# Problem to solve
Apart from the pictures, return every line of the listing exactly.

# Available data
[Start of section]

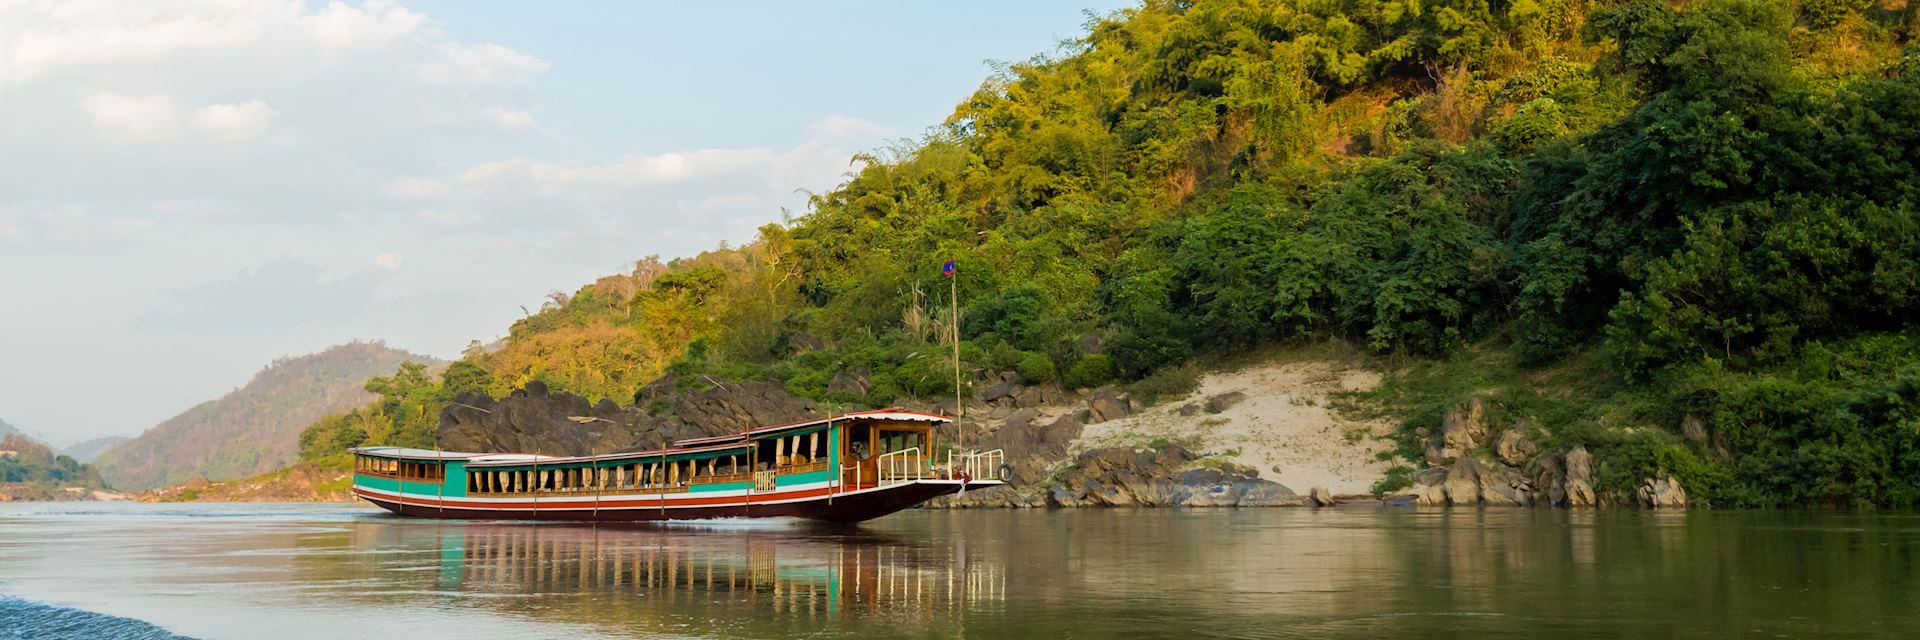 Mekong near Pakbeng
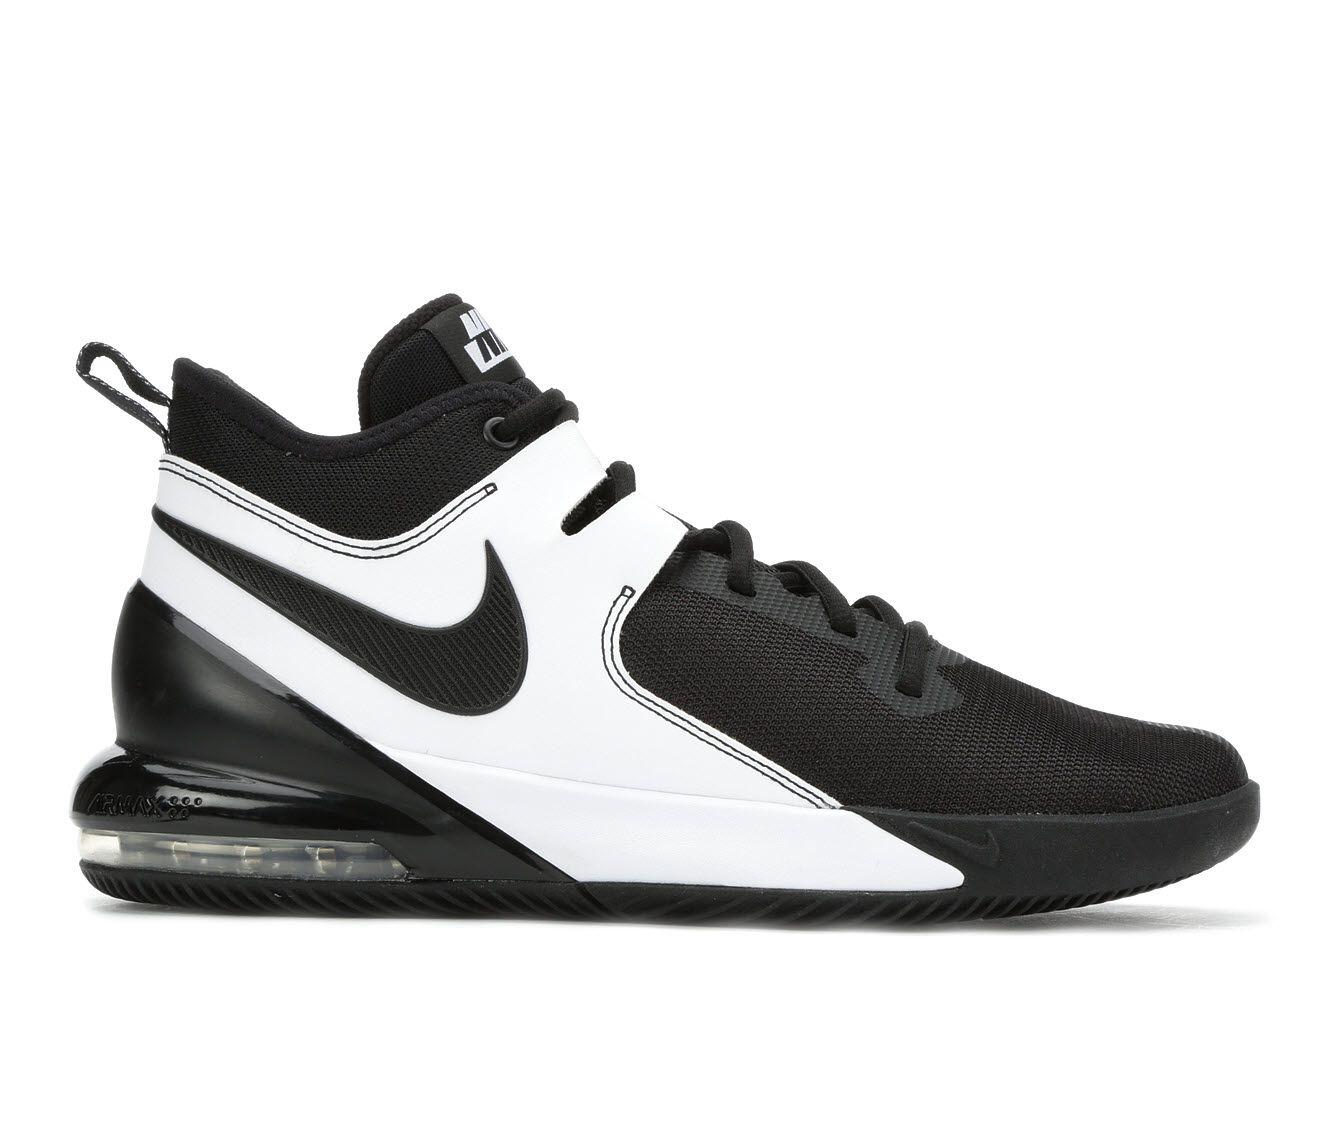 Nike Air Max Impact Basketball Shoes
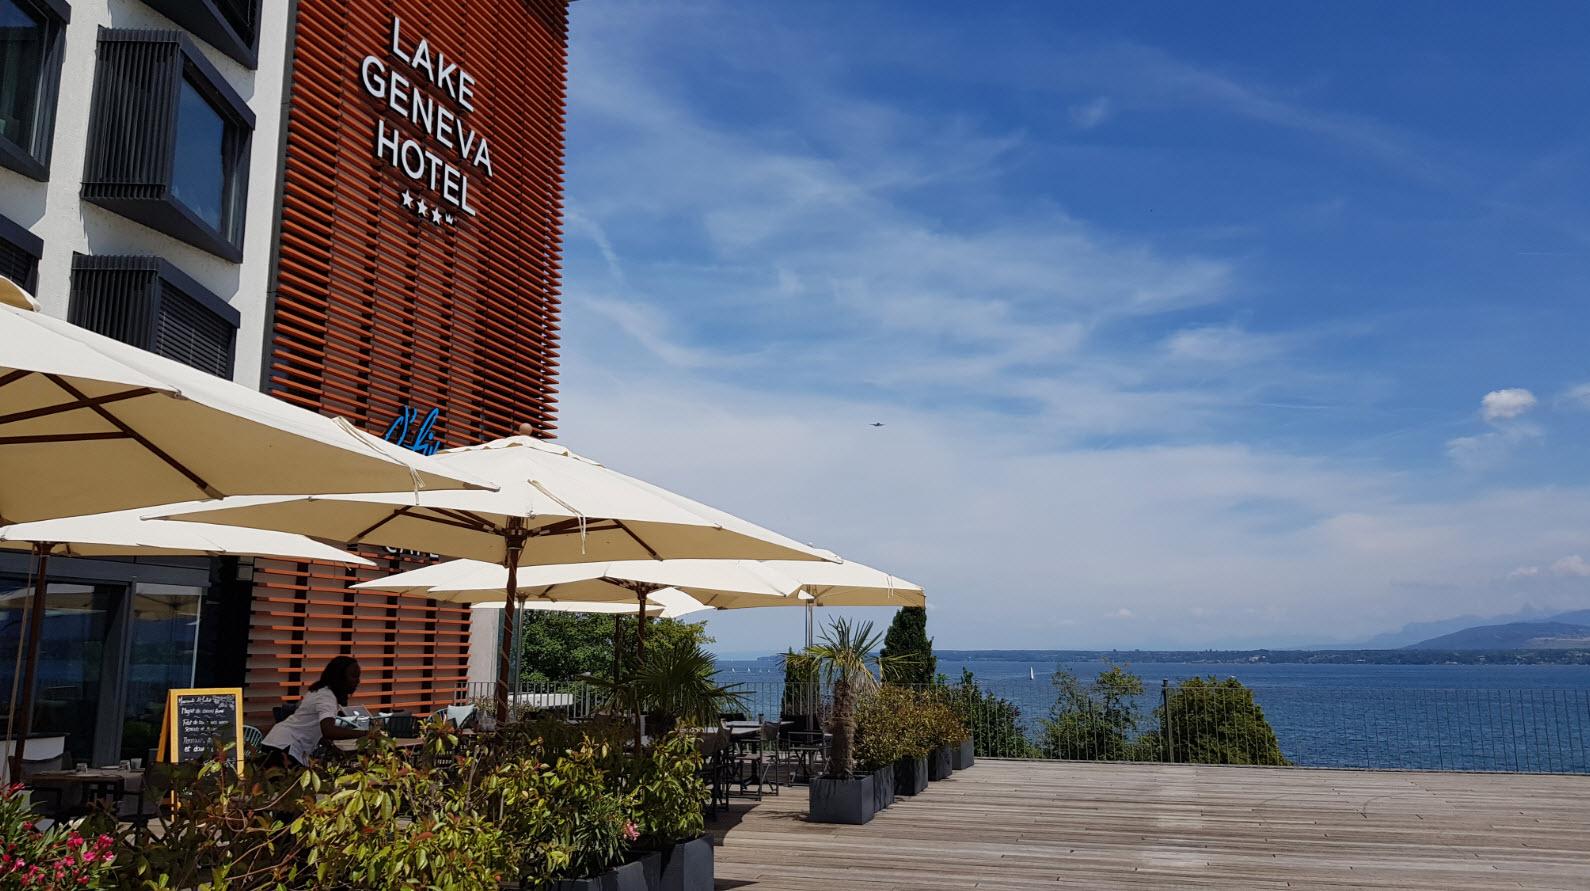 Restaurant Lake Geneva Versoix

[End of section]

# Result of the task
 Mekong near Pakbeng
 Nike Air Max Impact Basketball Shoes
 Restaurant Lake Geneva Versoix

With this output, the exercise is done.